Focus–What Separates Top Performers From Everyone Else
We’re all incredibly busy. Our days get filled with all sorts of things–things which may seem very urgent. We have emails to respond to, we have meetings of all sorts, we have proposals, the lists go on.
Things pop up through the day or week, a crisis, something that must be addressed, or just something that diverts our attention. Too often, we go through our days like bumper cars. Each time we hit one, we bounce off, headed another direction. Go into any sales office, and there’s always a frenzy of activity, people coming and going, phones ringing, conference rooms filled with people moving from meeting to meeting. Many years ago, one client had reached the ultimate in insanity, execs and managers would schedule up to three meeting simultaneously–popping into each one for a few minutes.
It’s always odd to me. There’s lots of activity, but very little seems to get accomplished.
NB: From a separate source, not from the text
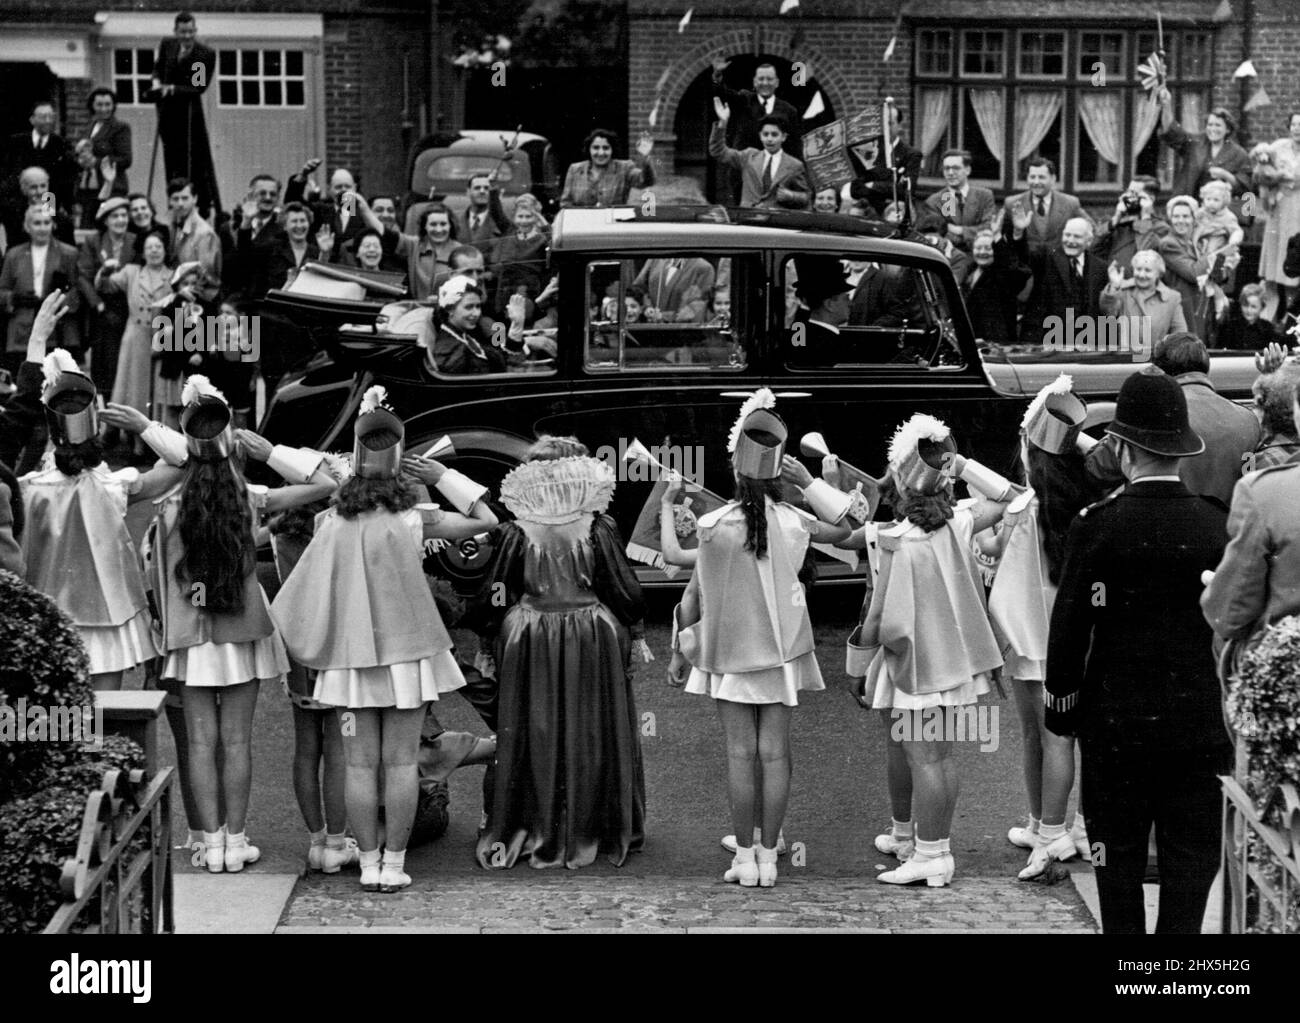 Grüßen und eine Fanfare von Trompeten... Dies war die Szene, als 'Queen Bess' und ihr 'Court' - Children of Acton - die Königin und den Herzog von Edinburgh begrüßten. Die Queen und der Duke winken mit Freude zurück, als sie gestern auf ihrer Krönungsreise durch den Nordwesten Londons langsam an einem offenen Auto vorbei fahren. Den ganzen Tag lang „die Leute“. 05. Juni 1953. (Foto von Daily Mirror). Stockfoto

Watching high performers is different. The biggest difference seems to be focus and purposefulness. High performers first know what they need to be focusing on. Then have an ability to separate the urgent from the critical/important. They focus even further–what are the things that need to be done to achieve the goals or outcomes they seek; who do they need to do these with? Their focus is vicious, they focus on one or two critical strategies, no more.
High performers don’t get derailed. They stay the course, despite all the other distractions that may arise. They have their top priority or two–but no more. They have a plan of execution and they execute. Simple! They don’t jump from thing to another, but stick with their plan. They execute their plan, adjust it based on results, and keep moving forward.
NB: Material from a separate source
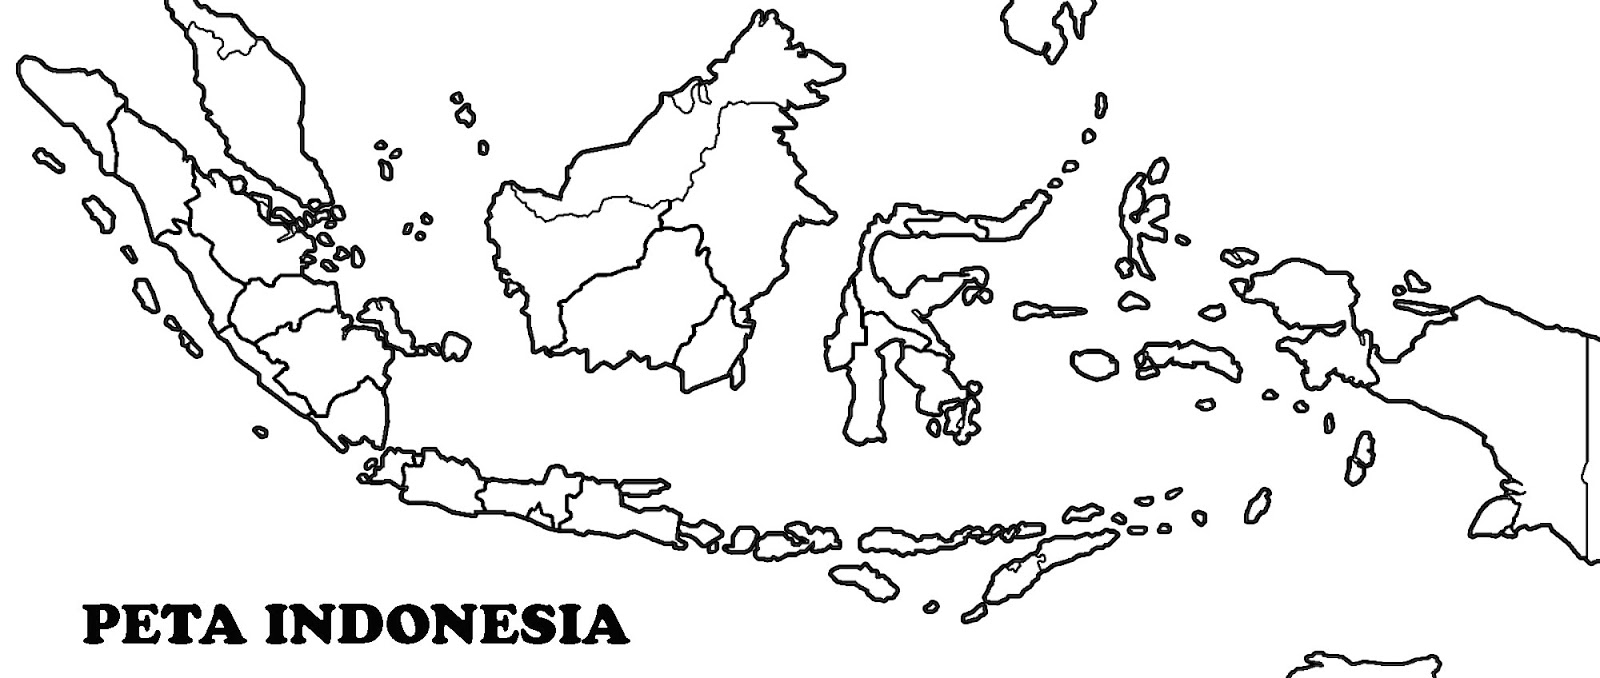  Peta  Indonesia  terbaru 2020 peta  buta  dan peta  lengkap

Speed of execution is important. High performers move fast. They have a cadence and they maintain it. Others confuse lots of activity with moving fast, but because they have no focus, they don’t achieve anything. Despite the speed of execution and the rapid cadence, there is never a sense of panic or frenzy, it’ a calm purposefulness.
When there are problems, high performers don’t try to do more, in fact they do the opposite, they intensify their focus. They understand the essence of what they must do to achieve their goals. They don’t get diverted. They simplify everything.
Focus isn’t easy. It takes great discipline. It takes great confidence in yourself, that you’ve identified the right issues and have established the right plan. It requires commitment. It’s easy to get involved in a frenzy of aimless activities, but focus requires total commitment to the 1-2 priorities you have chosen.
Focus is important. Are you focused? What are the 1-2 most important things you need to do to achieve your goals? What are the fewest possible steps required to execute them? How committed are you do these or do you get easily distracted?